How Do Short-Term Business Loans Work?
Short-term business loans are a lot like most other loan products. You get a lump sum of money from a lender and repay it in installments at agreed-upon intervals. You can get secured short-term business loans for which you put up some kind of collateral, or you can get unsecured business loans. Unsecured loans typically accrue interest at a higher rate and may come with other fees to offset the lender’s increased risk.
If you default on a short-term business loan, the lender can charge late fees, call the rest of the loan balance due in full, and seize any collateral you may have used to secure the loan. Even if you didn’t put up any collateral, your credit score will still take a hit and you could find yourself struggling to get financing in the future if you need it.

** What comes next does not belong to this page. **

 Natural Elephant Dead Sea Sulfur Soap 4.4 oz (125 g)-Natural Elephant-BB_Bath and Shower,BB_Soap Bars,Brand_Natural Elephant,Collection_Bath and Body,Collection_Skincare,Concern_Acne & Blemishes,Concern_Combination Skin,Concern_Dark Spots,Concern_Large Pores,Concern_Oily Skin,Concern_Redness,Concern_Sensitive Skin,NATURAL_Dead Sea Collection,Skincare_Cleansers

Where Do You Get a Short-Term Business Loan?
You can get a short-term small business loan from a traditional bank or credit union, although not all traditional lenders offer short-term loans. It’s much more common to get them from an online lender. Online lenders typically have lower standards for who qualifies for a loan than traditional lenders, so you may still be able to get a short-term business loan even if you have bad credit or haven’t been in business long enough to qualify for a traditional loan.
You can apply for short-term business loans online and you’ll usually get an answer within 24 hours. Some online lenders can give you an answer within minutes. After you’re approved, you’ll get the funds fairly quickly. It usually takes only two or three days for online lenders to transfer loan disbursements.

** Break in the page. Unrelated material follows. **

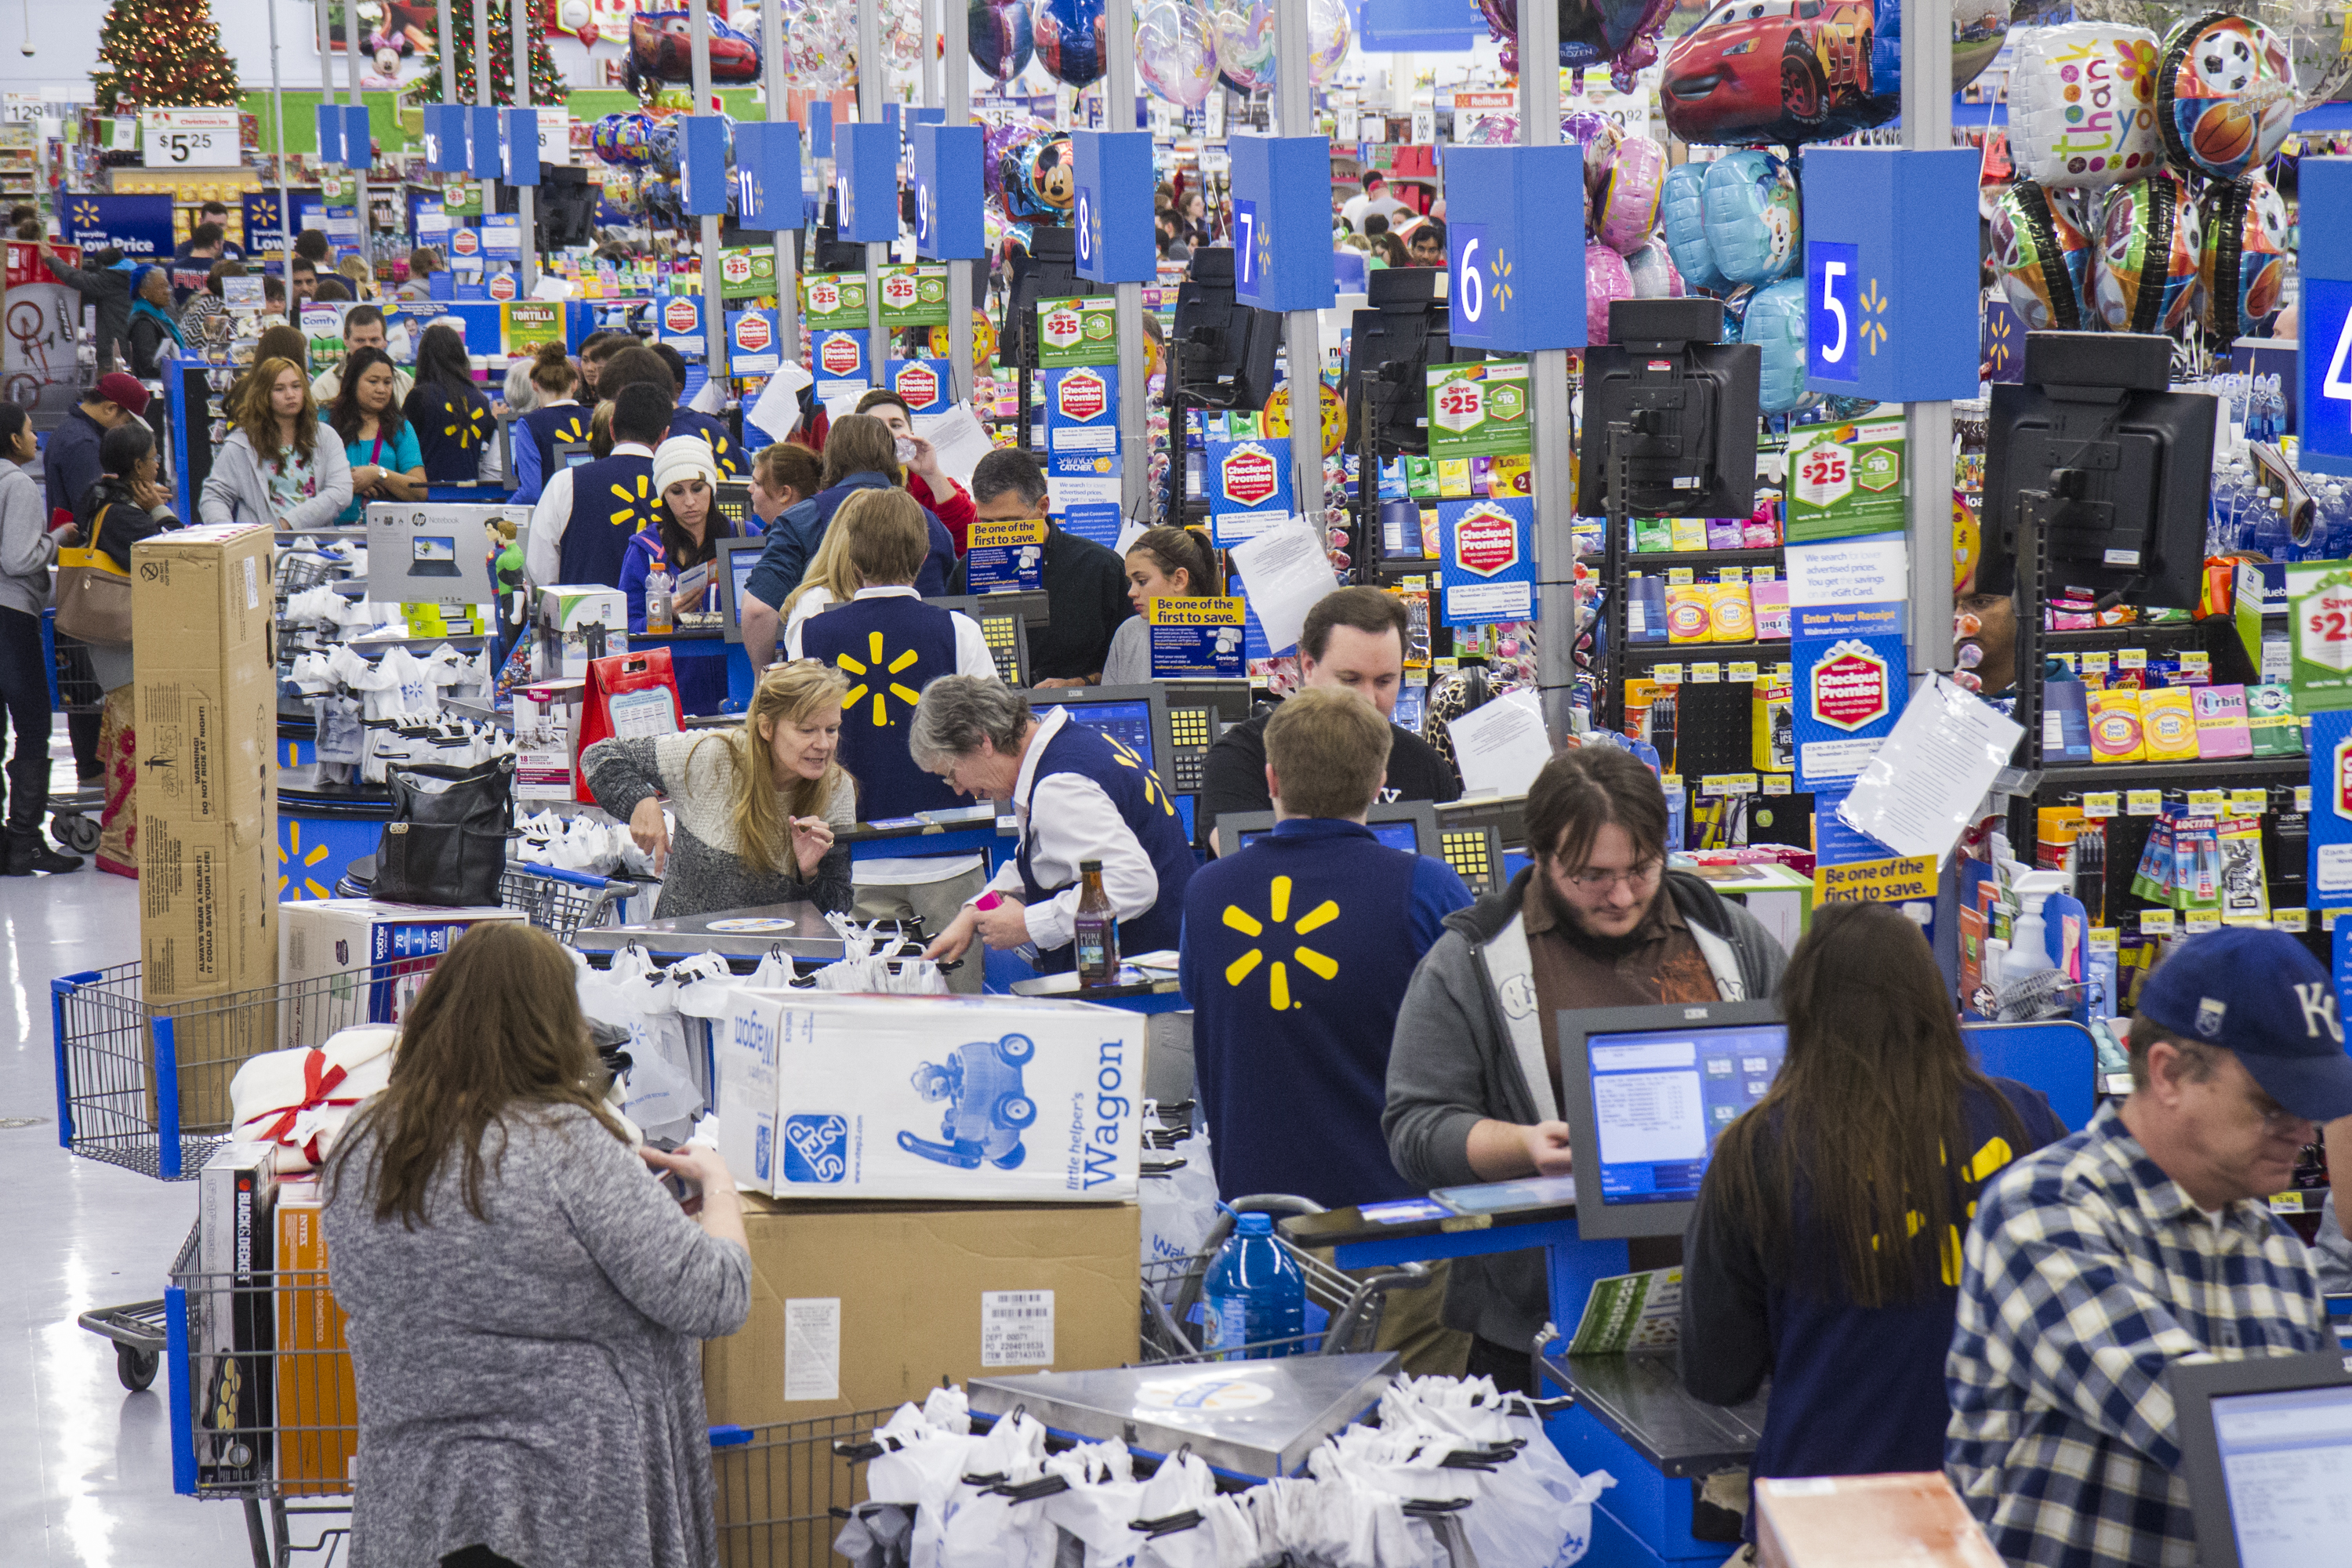 Customers wrap up their holiday shopping during Walmart's Black Friday

When Is a Short-Term Loan a Good Idea?
There are lots of times when you might need the cash injection that a short-term loan can provide. Let’s say an exciting opportunity comes your way. A big new client is interested in your services, but you need to hire more staff or buy more inventory in order to service them. A short-term loan could provide the funds.
Perhaps you’re in a cash flow slump – it’s the slow time of year and you need some dough to keep the doors open until business picks up again next season. That happens to a lot of businesses, and short-term business loans are a common solution among many of them. With short repayment terms, you can usually be done paying off your short-term business loan by the time the busy period comes back around again.
Short-term business loans can also be an effective way to deal with emergency expenses. When you need to replace an expensive piece of equipment, for example, you can take out a short-term loan to cover the cost. You can even use a short-term business loan to fund buying new equipment and expanding your business.
Running a business takes cash – sometimes a lot of it. And you can’t always just have the cash you need lying around. You’re going to have to take out loans sometimes. Short-term business loans are a good solution for solving cash flow problems or funding expenses. With the right source of funding, you can keep your business afloat – or take it to the next level.